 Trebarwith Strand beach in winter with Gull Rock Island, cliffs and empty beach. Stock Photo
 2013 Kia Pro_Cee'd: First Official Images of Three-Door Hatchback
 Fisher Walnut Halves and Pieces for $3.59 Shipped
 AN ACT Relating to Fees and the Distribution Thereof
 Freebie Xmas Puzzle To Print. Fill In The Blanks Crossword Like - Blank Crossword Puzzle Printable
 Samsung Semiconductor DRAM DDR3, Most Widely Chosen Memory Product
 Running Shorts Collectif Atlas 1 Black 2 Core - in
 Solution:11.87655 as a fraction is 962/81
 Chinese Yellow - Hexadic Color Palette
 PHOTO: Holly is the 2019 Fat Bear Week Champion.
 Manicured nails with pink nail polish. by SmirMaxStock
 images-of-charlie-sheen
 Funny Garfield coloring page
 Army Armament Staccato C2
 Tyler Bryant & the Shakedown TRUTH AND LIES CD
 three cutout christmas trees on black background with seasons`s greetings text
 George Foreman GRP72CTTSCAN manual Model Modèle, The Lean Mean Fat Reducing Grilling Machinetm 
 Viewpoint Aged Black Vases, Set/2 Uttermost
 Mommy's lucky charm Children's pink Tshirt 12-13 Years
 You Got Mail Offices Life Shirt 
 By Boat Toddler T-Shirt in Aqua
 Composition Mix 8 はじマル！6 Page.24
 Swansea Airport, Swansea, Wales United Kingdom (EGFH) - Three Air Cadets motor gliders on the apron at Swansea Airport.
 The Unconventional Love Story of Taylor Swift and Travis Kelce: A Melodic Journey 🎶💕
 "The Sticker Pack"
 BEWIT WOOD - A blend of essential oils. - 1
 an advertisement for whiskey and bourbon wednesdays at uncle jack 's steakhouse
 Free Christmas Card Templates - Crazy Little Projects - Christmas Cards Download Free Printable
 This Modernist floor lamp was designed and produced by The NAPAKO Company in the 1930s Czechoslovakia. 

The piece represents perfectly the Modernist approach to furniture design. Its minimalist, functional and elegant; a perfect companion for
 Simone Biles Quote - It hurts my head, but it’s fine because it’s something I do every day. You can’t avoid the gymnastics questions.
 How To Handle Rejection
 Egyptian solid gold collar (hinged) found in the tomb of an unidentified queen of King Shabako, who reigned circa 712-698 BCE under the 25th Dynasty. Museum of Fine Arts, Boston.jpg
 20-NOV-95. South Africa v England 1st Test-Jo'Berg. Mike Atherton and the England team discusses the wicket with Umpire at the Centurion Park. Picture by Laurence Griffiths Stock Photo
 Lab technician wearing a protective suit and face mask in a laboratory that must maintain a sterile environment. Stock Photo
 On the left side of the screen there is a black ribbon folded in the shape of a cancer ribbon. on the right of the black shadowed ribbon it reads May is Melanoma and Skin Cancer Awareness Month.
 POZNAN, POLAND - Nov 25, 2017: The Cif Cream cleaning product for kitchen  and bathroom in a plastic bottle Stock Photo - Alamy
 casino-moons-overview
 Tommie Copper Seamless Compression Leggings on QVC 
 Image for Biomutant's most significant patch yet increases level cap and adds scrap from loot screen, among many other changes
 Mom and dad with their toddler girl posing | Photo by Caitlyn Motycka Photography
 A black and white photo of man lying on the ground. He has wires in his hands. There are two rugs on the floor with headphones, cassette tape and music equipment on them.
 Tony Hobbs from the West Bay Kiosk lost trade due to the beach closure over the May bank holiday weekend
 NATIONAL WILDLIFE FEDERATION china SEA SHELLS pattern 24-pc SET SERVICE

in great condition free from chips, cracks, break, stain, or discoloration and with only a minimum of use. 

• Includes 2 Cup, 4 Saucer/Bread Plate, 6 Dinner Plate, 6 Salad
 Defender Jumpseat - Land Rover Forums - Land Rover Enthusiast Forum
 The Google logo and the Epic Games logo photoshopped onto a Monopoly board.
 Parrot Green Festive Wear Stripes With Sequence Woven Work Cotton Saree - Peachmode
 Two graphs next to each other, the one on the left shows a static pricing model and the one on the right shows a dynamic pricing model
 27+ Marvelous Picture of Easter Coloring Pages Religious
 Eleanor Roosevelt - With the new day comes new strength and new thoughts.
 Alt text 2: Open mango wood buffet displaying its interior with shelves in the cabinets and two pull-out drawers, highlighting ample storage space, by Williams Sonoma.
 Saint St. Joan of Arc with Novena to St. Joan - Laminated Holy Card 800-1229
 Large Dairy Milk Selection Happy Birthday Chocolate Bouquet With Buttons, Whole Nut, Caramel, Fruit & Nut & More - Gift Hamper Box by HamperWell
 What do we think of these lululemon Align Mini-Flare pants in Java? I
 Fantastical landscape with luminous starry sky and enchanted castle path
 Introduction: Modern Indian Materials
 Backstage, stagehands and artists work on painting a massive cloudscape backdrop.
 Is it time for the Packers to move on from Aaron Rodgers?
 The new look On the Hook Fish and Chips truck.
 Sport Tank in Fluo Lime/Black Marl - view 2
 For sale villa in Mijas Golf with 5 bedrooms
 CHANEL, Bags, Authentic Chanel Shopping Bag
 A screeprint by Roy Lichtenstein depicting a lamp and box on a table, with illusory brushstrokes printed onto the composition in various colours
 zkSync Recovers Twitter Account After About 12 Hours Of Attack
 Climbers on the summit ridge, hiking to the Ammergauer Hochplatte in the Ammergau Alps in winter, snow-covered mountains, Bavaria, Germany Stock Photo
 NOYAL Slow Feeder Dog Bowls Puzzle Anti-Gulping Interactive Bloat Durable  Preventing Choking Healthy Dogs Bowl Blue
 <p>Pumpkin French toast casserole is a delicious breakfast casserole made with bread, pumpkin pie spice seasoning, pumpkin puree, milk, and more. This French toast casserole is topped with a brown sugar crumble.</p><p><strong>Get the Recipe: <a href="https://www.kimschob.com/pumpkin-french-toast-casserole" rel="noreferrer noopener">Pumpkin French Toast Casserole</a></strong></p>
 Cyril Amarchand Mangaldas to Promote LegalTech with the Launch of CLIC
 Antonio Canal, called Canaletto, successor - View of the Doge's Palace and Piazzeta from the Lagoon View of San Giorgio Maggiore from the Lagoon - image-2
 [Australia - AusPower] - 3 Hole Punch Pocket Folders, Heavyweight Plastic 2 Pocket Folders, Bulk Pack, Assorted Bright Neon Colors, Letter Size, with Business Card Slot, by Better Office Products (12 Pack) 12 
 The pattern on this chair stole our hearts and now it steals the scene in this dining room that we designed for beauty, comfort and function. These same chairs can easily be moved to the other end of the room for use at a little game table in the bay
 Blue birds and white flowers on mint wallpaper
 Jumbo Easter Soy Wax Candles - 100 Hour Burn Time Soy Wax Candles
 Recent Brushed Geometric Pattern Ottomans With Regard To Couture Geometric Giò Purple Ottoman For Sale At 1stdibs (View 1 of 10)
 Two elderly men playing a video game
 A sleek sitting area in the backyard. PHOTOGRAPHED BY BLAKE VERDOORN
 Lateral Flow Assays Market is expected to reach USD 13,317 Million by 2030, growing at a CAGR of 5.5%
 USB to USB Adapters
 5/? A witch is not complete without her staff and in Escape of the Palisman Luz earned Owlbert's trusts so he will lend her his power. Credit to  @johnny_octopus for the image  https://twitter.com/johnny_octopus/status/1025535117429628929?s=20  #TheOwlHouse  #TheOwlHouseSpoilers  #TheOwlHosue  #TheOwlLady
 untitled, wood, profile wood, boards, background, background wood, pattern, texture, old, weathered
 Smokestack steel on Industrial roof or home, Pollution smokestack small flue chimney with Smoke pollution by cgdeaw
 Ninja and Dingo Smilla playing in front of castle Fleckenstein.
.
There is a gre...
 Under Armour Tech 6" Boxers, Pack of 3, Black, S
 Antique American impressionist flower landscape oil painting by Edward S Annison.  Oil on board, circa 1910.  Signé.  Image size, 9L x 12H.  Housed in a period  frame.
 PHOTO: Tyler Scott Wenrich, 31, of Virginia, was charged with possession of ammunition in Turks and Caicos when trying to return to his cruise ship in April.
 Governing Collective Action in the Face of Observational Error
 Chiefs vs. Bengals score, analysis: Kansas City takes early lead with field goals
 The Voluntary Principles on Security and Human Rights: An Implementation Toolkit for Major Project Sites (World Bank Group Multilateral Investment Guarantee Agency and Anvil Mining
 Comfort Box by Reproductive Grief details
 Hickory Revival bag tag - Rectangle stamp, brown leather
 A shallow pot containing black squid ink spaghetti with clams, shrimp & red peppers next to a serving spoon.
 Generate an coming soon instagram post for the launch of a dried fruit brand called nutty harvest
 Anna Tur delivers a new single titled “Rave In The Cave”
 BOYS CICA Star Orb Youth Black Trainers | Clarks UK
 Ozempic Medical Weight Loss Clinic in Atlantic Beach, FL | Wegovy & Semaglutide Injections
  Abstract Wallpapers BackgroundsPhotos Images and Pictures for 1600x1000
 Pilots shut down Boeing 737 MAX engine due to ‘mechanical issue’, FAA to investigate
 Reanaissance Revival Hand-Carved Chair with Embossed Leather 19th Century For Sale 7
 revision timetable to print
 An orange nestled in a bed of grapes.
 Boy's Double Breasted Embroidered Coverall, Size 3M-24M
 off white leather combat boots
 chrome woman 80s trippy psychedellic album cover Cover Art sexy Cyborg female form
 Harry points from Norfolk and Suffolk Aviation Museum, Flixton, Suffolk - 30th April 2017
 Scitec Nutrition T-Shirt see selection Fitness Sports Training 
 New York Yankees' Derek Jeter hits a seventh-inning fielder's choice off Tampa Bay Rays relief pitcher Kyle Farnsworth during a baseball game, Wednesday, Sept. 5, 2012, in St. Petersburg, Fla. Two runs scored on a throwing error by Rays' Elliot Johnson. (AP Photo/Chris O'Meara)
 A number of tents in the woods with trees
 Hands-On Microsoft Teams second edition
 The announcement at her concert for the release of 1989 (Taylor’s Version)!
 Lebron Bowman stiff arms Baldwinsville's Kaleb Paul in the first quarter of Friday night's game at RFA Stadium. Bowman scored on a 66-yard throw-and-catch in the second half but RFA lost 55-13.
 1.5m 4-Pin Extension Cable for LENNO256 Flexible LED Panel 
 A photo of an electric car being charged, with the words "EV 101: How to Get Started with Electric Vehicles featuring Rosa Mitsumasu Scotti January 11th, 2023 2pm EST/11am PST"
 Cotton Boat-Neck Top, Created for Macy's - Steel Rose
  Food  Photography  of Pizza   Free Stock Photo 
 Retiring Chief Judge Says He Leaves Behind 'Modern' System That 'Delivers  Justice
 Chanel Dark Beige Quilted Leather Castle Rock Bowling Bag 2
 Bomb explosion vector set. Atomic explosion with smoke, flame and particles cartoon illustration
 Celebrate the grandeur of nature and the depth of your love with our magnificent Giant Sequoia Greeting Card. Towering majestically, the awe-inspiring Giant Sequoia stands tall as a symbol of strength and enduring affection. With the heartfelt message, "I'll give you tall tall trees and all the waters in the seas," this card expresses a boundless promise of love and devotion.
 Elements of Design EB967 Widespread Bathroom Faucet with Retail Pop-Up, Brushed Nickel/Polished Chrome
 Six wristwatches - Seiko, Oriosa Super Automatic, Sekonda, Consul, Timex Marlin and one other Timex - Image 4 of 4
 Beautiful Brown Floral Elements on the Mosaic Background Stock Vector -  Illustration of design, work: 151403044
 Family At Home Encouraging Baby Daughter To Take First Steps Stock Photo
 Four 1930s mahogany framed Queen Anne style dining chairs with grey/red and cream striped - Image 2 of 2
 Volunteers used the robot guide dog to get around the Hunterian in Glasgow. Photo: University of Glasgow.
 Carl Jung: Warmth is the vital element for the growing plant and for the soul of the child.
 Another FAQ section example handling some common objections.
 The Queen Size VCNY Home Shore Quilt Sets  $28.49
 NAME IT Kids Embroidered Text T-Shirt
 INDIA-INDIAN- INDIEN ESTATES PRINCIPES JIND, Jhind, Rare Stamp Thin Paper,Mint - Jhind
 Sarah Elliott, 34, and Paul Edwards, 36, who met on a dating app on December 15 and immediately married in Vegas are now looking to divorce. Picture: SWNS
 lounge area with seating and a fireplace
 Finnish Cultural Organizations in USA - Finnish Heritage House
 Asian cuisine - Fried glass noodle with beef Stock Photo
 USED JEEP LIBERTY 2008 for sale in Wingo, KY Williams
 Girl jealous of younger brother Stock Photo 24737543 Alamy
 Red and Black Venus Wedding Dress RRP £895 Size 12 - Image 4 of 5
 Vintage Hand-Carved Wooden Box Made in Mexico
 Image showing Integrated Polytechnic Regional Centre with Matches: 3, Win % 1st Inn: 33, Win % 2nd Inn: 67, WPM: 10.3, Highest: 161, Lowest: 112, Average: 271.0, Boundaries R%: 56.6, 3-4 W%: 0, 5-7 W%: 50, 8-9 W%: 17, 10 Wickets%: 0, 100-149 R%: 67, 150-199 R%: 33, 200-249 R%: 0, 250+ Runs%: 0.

-- -- --

● Problem description: Using the records above, repeat exactly the lines from the first one through the line with "an advertisement for".

● Task response:
 Trebarwith Strand beach in winter with Gull Rock Island, cliffs and empty beach. Stock Photo
 2013 Kia Pro_Cee'd: First Official Images of Three-Door Hatchback
 Fisher Walnut Halves and Pieces for $3.59 Shipped
 AN ACT Relating to Fees and the Distribution Thereof
 Freebie Xmas Puzzle To Print. Fill In The Blanks Crossword Like - Blank Crossword Puzzle Printable
 Samsung Semiconductor DRAM DDR3, Most Widely Chosen Memory Product
 Running Shorts Collectif Atlas 1 Black 2 Core - in
 Solution:11.87655 as a fraction is 962/81
 Chinese Yellow - Hexadic Color Palette
 PHOTO: Holly is the 2019 Fat Bear Week Champion.
 Manicured nails with pink nail polish. by SmirMaxStock
 images-of-charlie-sheen
 Funny Garfield coloring page
 Army Armament Staccato C2
 Tyler Bryant & the Shakedown TRUTH AND LIES CD
 three cutout christmas trees on black background with seasons`s greetings text
 George Foreman GRP72CTTSCAN manual Model Modèle, The Lean Mean Fat Reducing Grilling Machinetm 
 Viewpoint Aged Black Vases, Set/2 Uttermost
 Mommy's lucky charm Children's pink Tshirt 12-13 Years
 You Got Mail Offices Life Shirt 
 By Boat Toddler T-Shirt in Aqua
 Composition Mix 8 はじマル！6 Page.24
 Swansea Airport, Swansea, Wales United Kingdom (EGFH) - Three Air Cadets motor gliders on the apron at Swansea Airport.
 The Unconventional Love Story of Taylor Swift and Travis Kelce: A Melodic Journey 🎶💕
 "The Sticker Pack"
 BEWIT WOOD - A blend of essential oils. - 1
 an advertisement for whiskey and bourbon wednesdays at uncle jack 's steakhouse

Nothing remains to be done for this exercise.